API Key Management - Nobody wants to have to fill in a typeform and wait for customer support to review before they can get started with an API. If there’s no way for a developer to create keys on their own, most will never convert into users of your product. By the time someone has reviewed their access request, they will have moved on to a new priority, or found an alternative solution. If the API interfaces with sensitive data, and a review process is a legal requirement for production credentials, then enable users to provision sandbox keys without review (more on Sandboxes below).
Key Capabilities:
API Usage Metrics - A request viewer is only useful to developers if they know there’s an issue to investigate. That is why it’s important to surface key usage metrics in real time – so that users know the overall health of their integration. Usage metrics should place an emphasis on error reporting and significant changes in usage so that your users can take corrective action to any errors or unintended changes.
Key Capabilities:
Client SDKs - You need to meet your developers where they already are. Providing client SDKs makes it easier for developers to get started with your API by grounding them in the familiarity of their favorite language and significantly reducing the amount of boilerplate they need to write. This is especially true if your SDKs can handle auth, pagination, and retries and others. They are, therefore, great at helping maximize your audience while minimizing support costs. But it’s not enough to have SDKs, it’s critical that the SDKs are developer-friendly, meaning that they are language idiomatic and human readable. Unfortunately, creating client SDKs is prohibitively expensive for most API teams since they need to be created and updated by hand. While open-source generators exist, the SDKs they output are often buggy and not ergonomic.

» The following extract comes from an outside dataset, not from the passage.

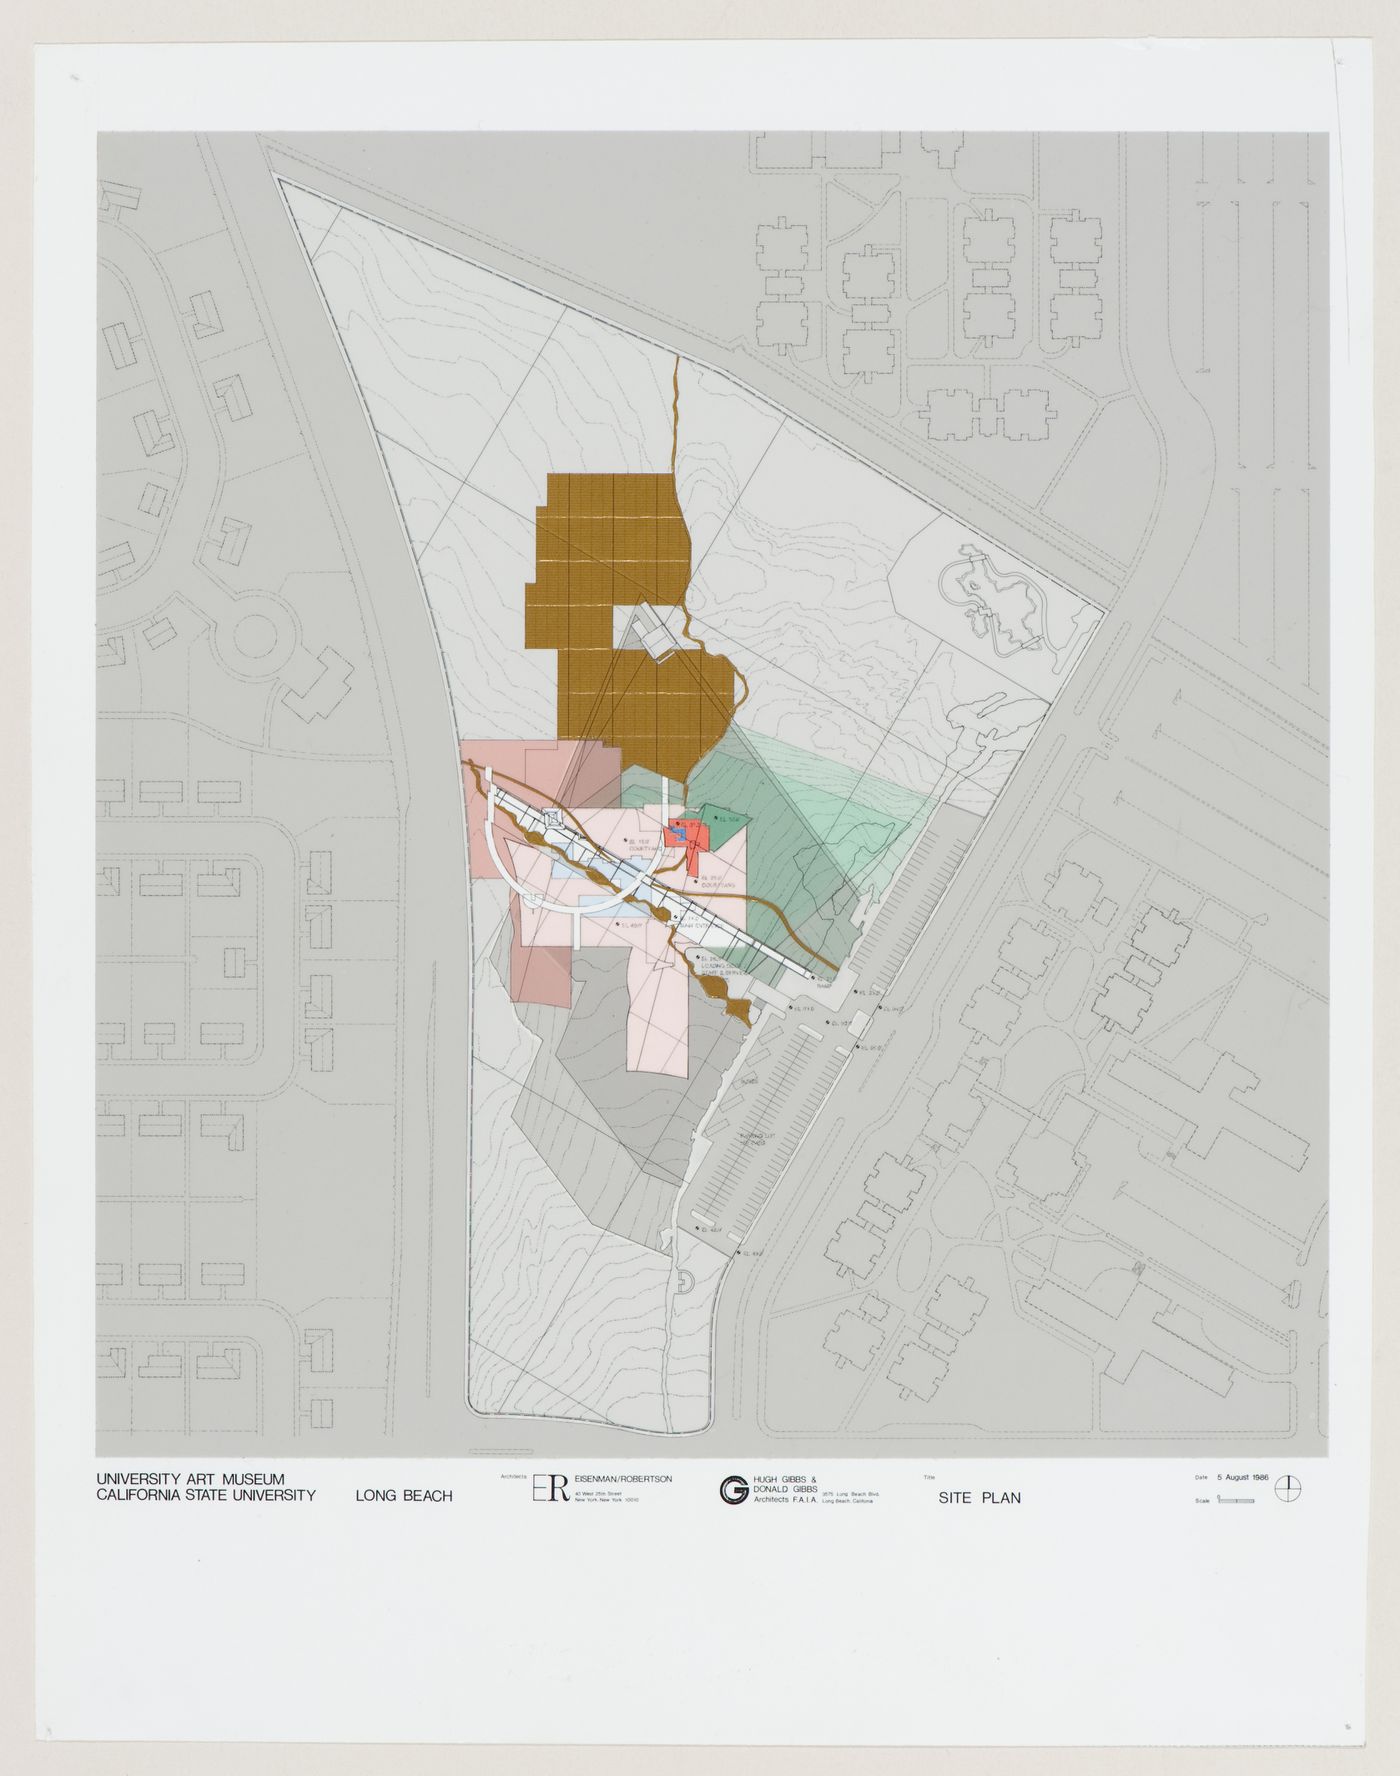 Site plan for University Art Museum, Long Beach, California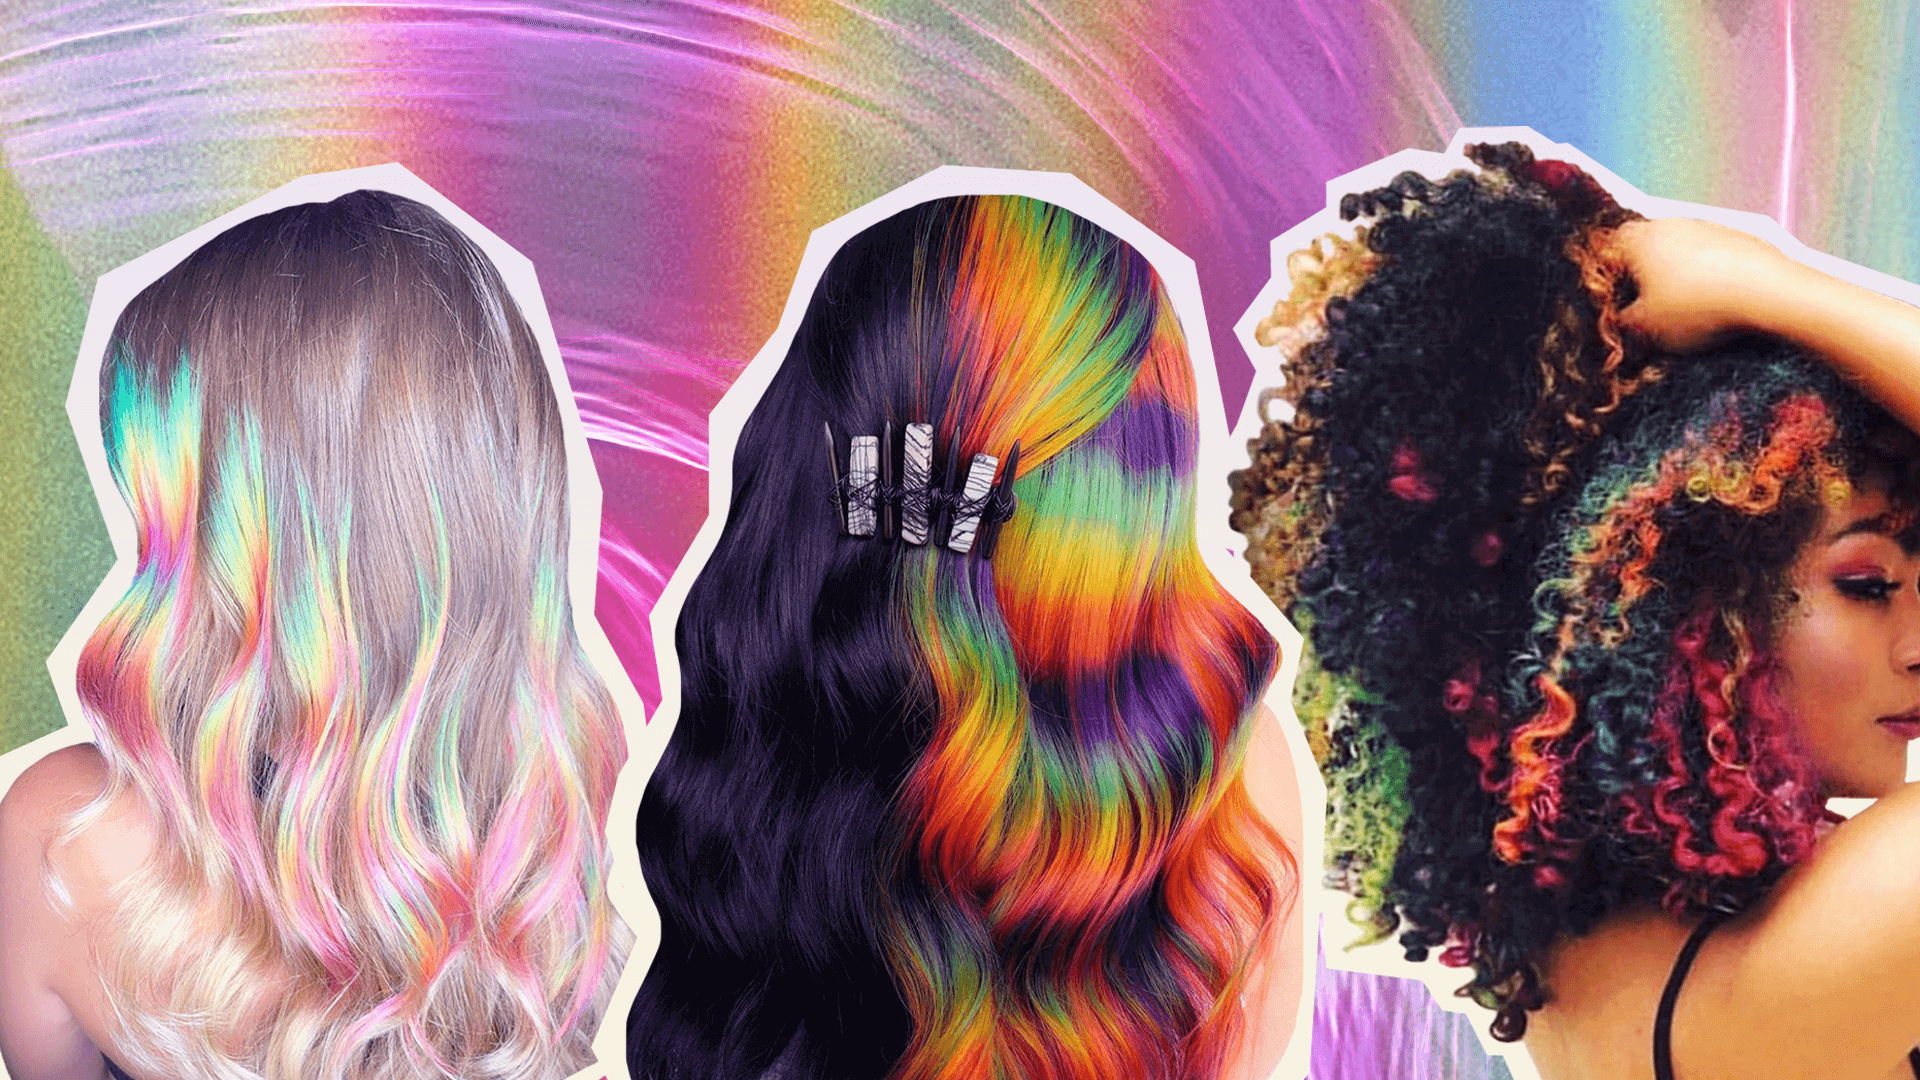 Fall 2020 Trend Alert: Hide & Seek Rainbow Hair - The Tease

API Runbooks - We think of runbooks as live usage guides. They take users step-by-step through the process of using your API to accomplish specific tasks, but also show relevant, live API requests in real time. This helps to focus developers on the key use cases required to complete API integrations. Your customers can use them to grow their usage of your API. As an API builder, runbooks also help you understand the maturity of your customer base: you can begin to understand your API usage as a customer funnel, and start to measure where and why users drop out of the funnel.
API Sandbox - Probably nothing helps more with adoption than giving developers an easy way to play with your API. A sandbox can allow prospective users to use your APIs without needing to sign up for an account. Developers are more likely to trust an API if they’ve seen it working before needing to hand over their information. And a sandbox can give existing users a way to learn by doing and without any risk of corrupting production workflows. This enables users to expand their use cases for your API easily.